To focus on the litany of bland and poorly written characters in Cool Air, though, is to miss the dilapidated wood for the rotting trees. First of all, there is an unbearable amount of narration in this movie. The opening consists of aimless shots and a voice-over that goes on so long that you could just read the original story before the actual plot begins—which, I might add, is a much better use of your time. Then, there’s an extended credits sequence with ambiguous close-ups of an un-discussed artifact. If you’re still paying attention after the overlong introductory sequences, then you’ll be treated to a lot more narration over the course of the film. There are segments between 5 and 10 minutes of pure voice over info dump, losing even the most patient and forgiving viewer. At times, the narration covers stuff that’s already been explained in scene. A freshman in Intro to Film Studios who thinks Quentin Tarantino is the greatest film director to ever live could have caught that massive flaw in the revision process.
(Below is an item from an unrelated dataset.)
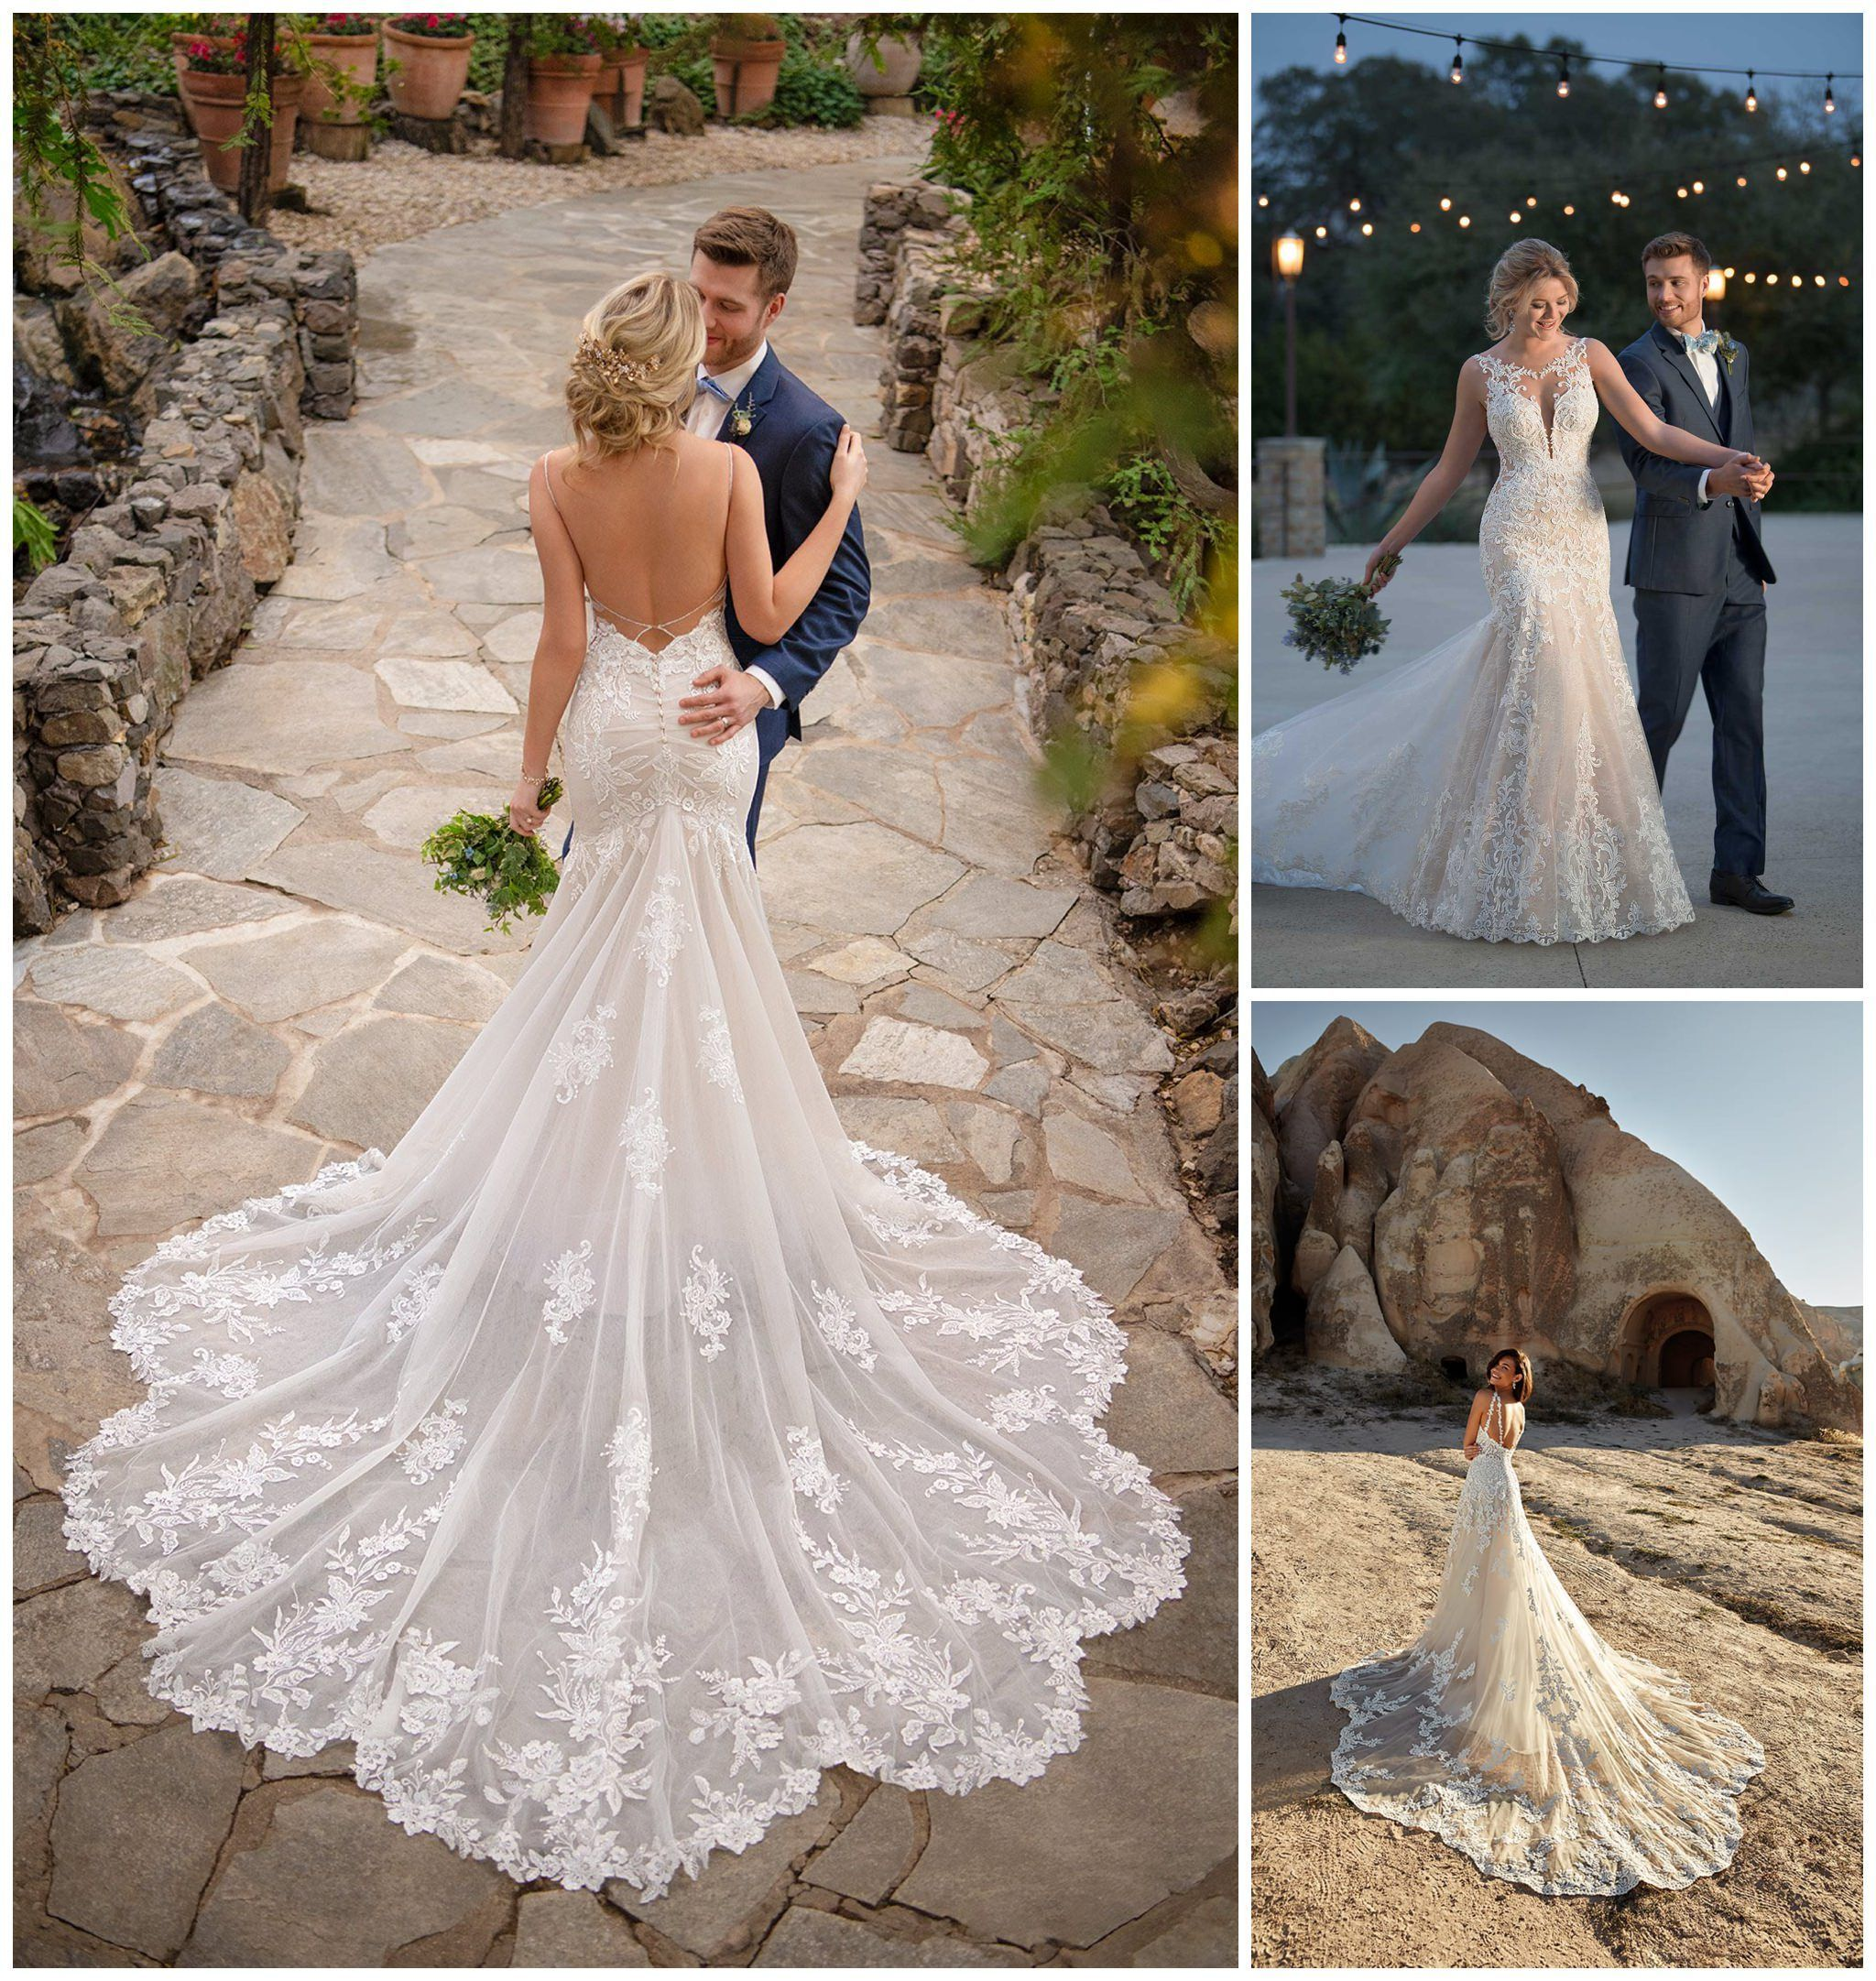 The 20 Best Wedding Dress Stores in Montreal   Best wedding dresses ...

And while I’m loathe to criticize an indie production for poor production qualities, there does reach a point where you can’t use the “We’re on a budget!” excuse. Examples of this include inconsistent lighting, horrendously recorded dialogue (switching between volumes/quality between characters in the same conversation), and special effects that ignore the implied depth of a shot. Further, the visual language of cinema is never used, or at least not well. At best, in one scene a side-character provides a “creepy” info dump for the narrator, who is bedridden due to a surprise heat attack that lasts five hours and is stopped by a guy confusedly rubbing an artifact against his face. The camera sits at a dutch angle with a wide shot that captures both characters. The problem here is that we’re supposed to be experiencing complete terror, but instead we just see the guy fidgeting in bed, clearly uncomfortable. The dutch angle attempts to make up some ground, but is akin to dumping salt on your dinner because you didn’t know how to use spices.
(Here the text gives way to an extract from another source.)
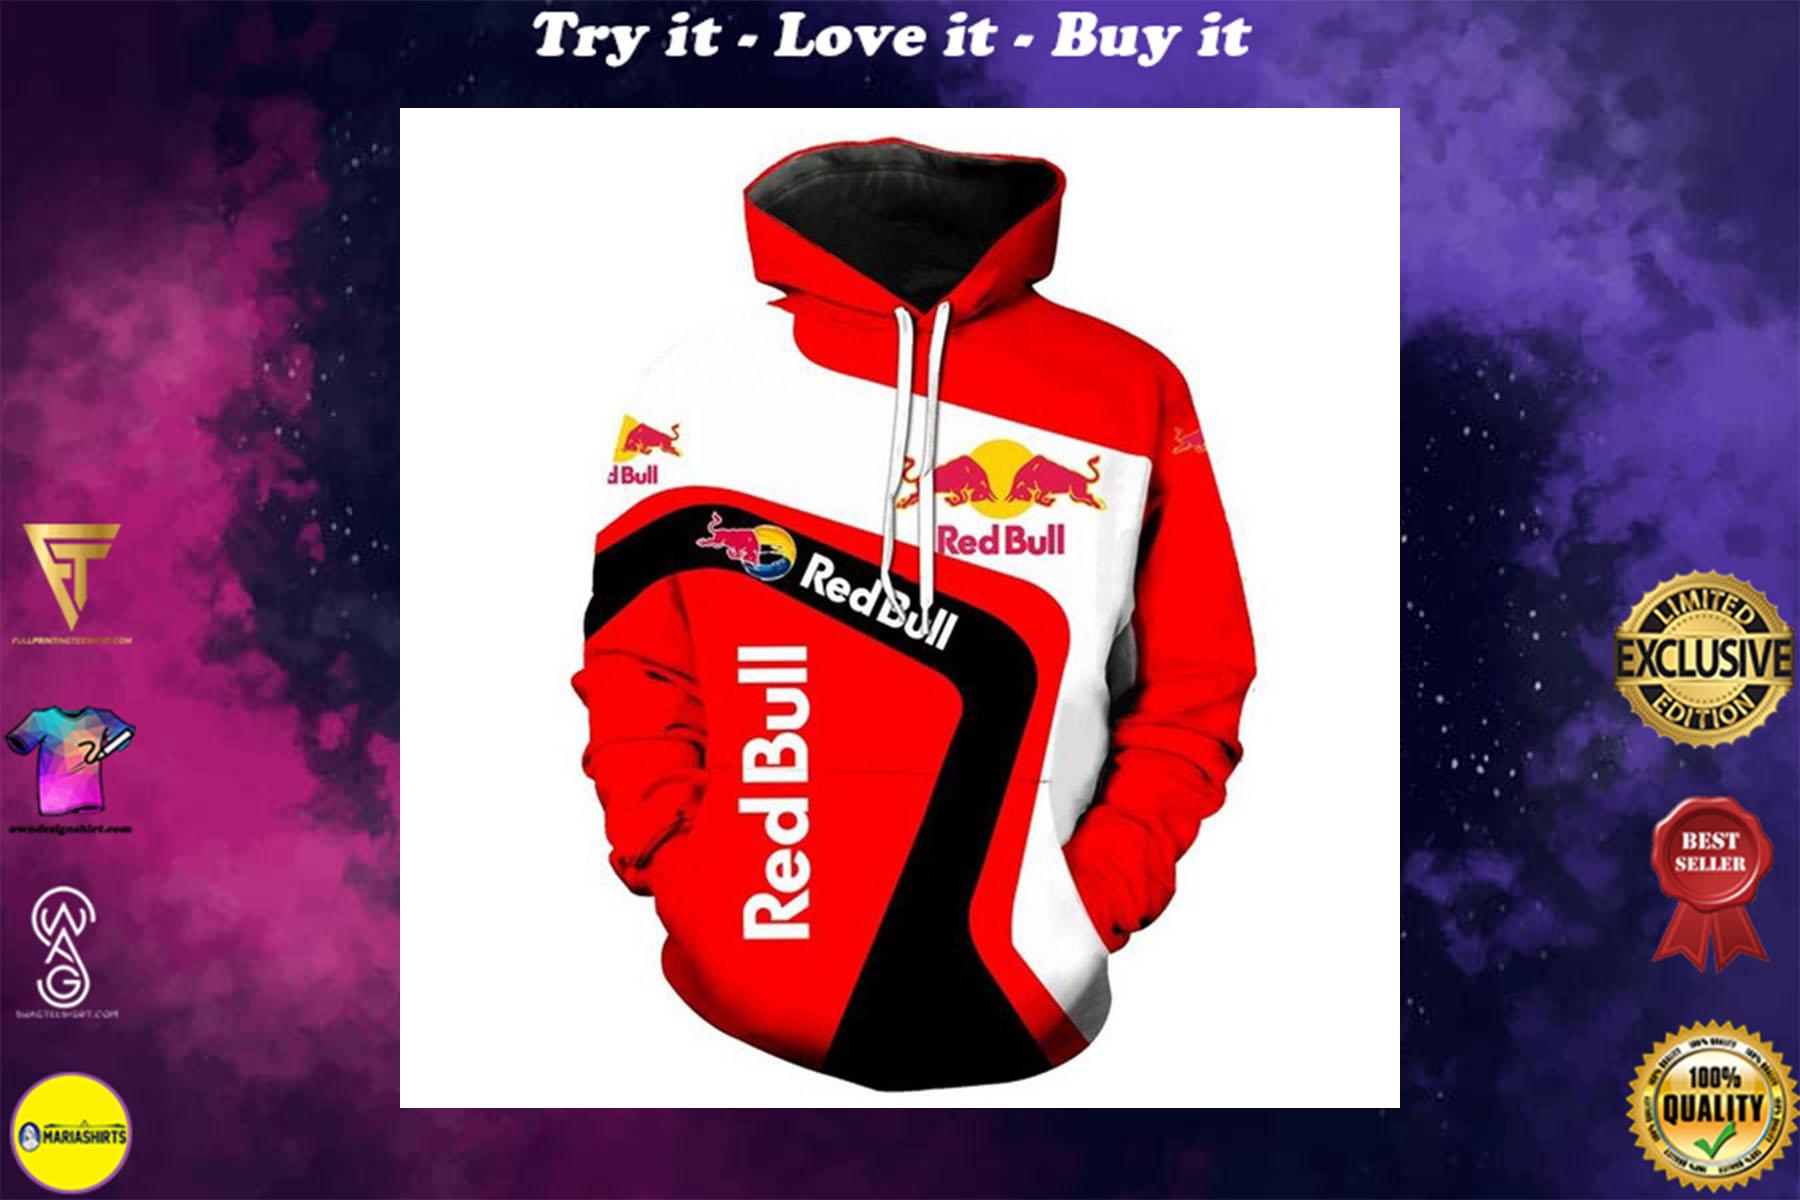 [special edition] ktm redbull team motorcycle sport riding racing full printing shirt - maria

I will credit the screenwriter with attempts to capture the metafictional play in the original story. Instead of a pulp writer like the original unnamed narrator, Charles is a screenwriter, struggling to get through his writer’s block. But that impulse doesn’t really go anywhere, besides reminding us that Charles is a writer and occasionally showing him writing in a word processor. This was the type of creativity that Curnan should have explored more (or at all) for something mildly unique.
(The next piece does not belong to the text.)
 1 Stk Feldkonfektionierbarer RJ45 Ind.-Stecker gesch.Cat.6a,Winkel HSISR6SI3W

Cool Air needed several read-overs of the screenplay, as many complete re-writes, and a lot more thought. The actors are slightly above the level of the rest of the film, and possibly would have excelled given a better context, but there’s no way to know for certain. Everything adds up to monotony, 78 minutes that feel like well over 120, and none of them are memorable. If you want to make a Lovecraft movie, then watch this to see how (probably well-intentioned) people fail to capture an audience. Learn from their mistakes. Make changes that help you tell the story, rather than cover up the original tale’s potency. As a fandom, we need to demand better products than this; as creators, you need to meet us halfway.